神社 上社・下社 ①
神社には上社(かみしゃ)と下社(しもしゃ)、あるいは上の宮と下の宮など二社に分かれる「二社制」が多くみられる。上社、中社(なかしゃ)、下社の三社に分かれる「三社制」もある。
上社と下社はその位置関係から、上手のものを上社、低地のものを下社と呼ぶことが多い。また、本宮、本社から見て深奥部にある社は奥社(おくしゃ)、奥宮(おくのみや)、奥院(おくいん)、山宮(やまみや)、人里近い社は前宮(まえみや)、里宮(さとみや)、口宮(くちのみや)などと呼ばれ、僻遠地の元宮(もとみや)に対し集落近郊に新たに建てられたものを新宮(しんぐう)とも呼ぶ。
これらの上下社では祭神が異なる場合もあるが、一方がもう一方の若宮であったり、本宮の配偶神を祀るケースもある。
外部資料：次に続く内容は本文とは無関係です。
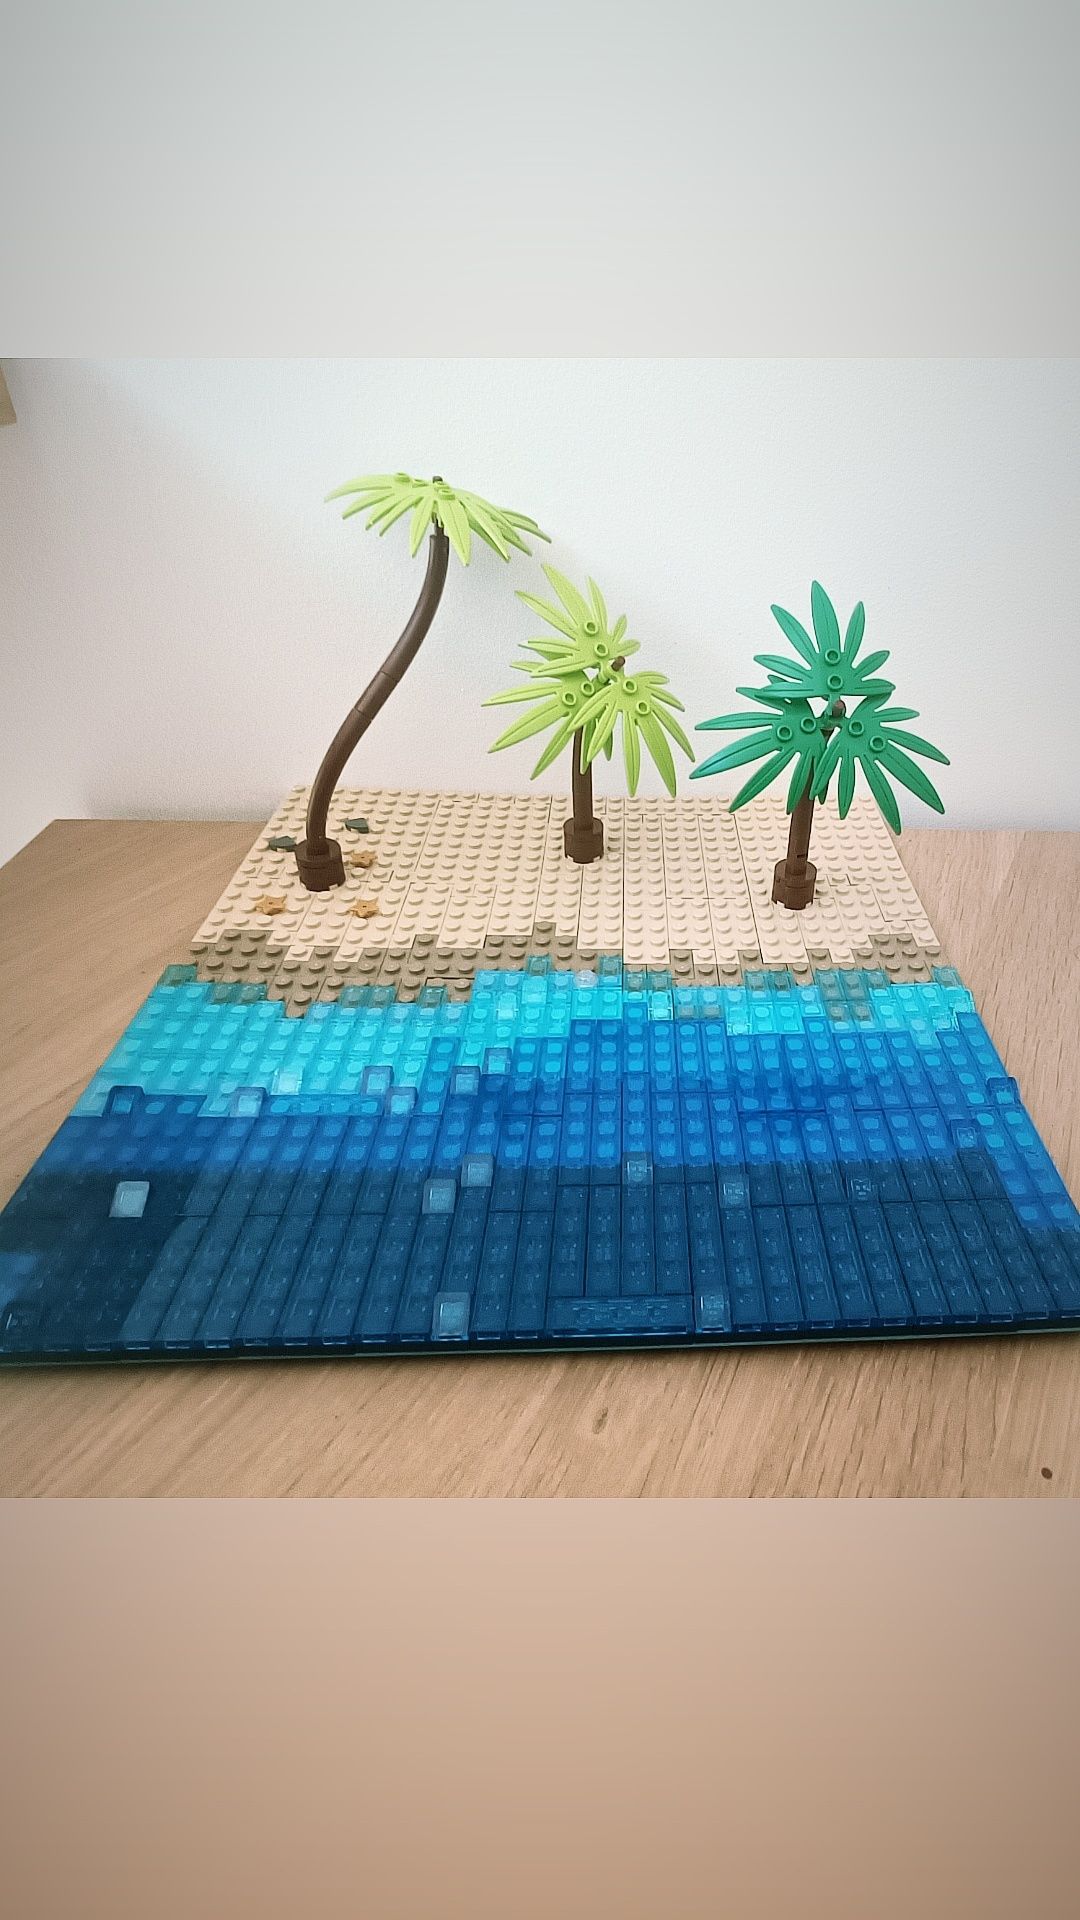 LEGO plaża - klocki+ palmy

これらの起源は不詳だが山奥に埋葬墓、都邑近郊に礼拝墓を設ける「両墓制」と関係があるとする説もある。また、山岳そのものをご神体として、その山麓に遙拝施設を建てたものを里宮の起源とし、神霊降臨の思想から山頂にもう1社を建て分祀したものを山宮の起源とする説もある。